Soon the girls made their arrangements to get the class trip. They packed their accessories and clothing. Beth was taking her dress to kill dresses and her casual pairs of Umbro shorts and Umbro shirts. She also brought her soccer ball. She was a soccer girl and loved to wear her #1 favorite brand. Umbro. Though it was long out of style, she made it seem sexy to many. 

Alison brought her portable Playstation II and Pocket TV. She loved to play games and was into that sort of thing. They both prepared for a long fun-filled vacation. It would be a long six months as both of them would soon find out. They soon arrive to the gigantic ship, which was launching off from Florida's shore to tour the entire world. The ship would visit many places, which had historical significance. 

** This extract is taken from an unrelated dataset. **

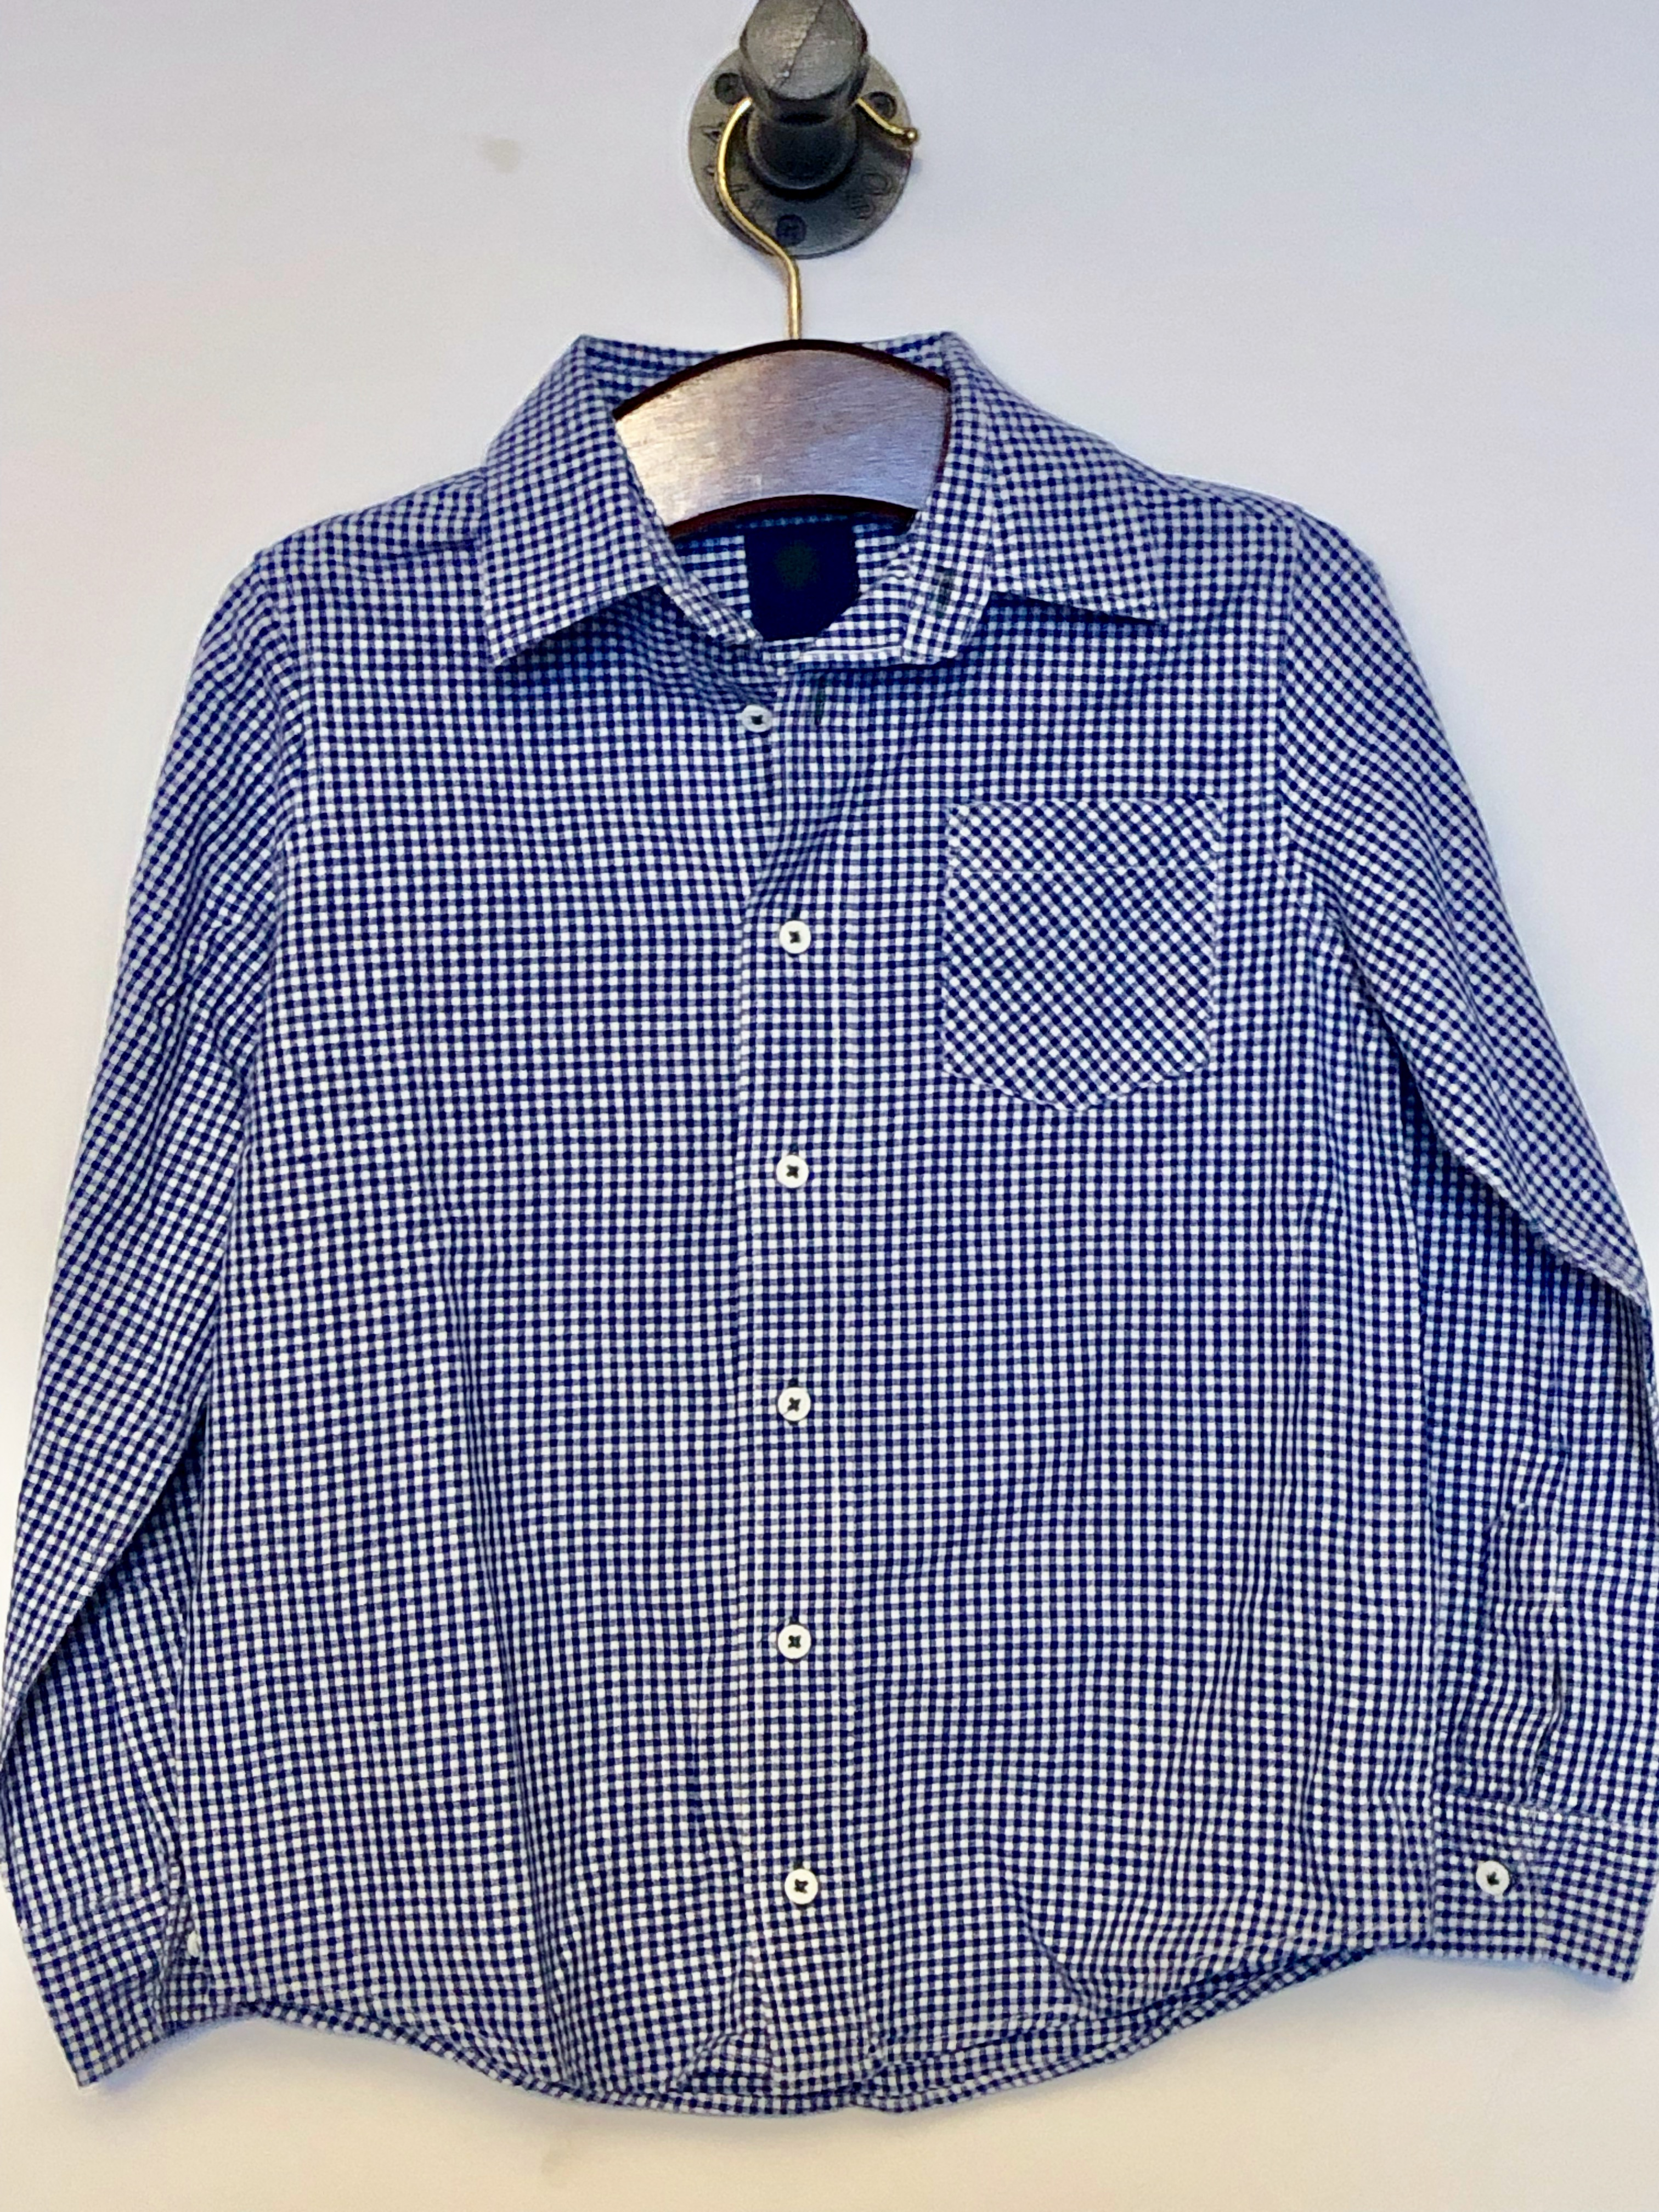 122-128 Trachtenhemd (ok)

Ms. Raymond had managed to convince the school board to let her lead the trip along with a few other teachers and parents. When they arrived on ship in the middle of April, the were given a grand tour of the ship. The ship had a casino, indoor and outdoor pool, a trap and shoot range and tennis court and even a small sized indoor soccer room. 

The girls were excited about this. What got them even more rallied up was the delicious food of all varieties on the ship. Of course, with all pleasure there was work involved. Each student had to write one essay for each historical sight visited within one week of visiting it. Beth and Alison especially found this difficult because neither one of them was good at writing. Anticipating trouble, the teacher set up a buddy partner system for all the students, in case they had trouble with their work or got lost.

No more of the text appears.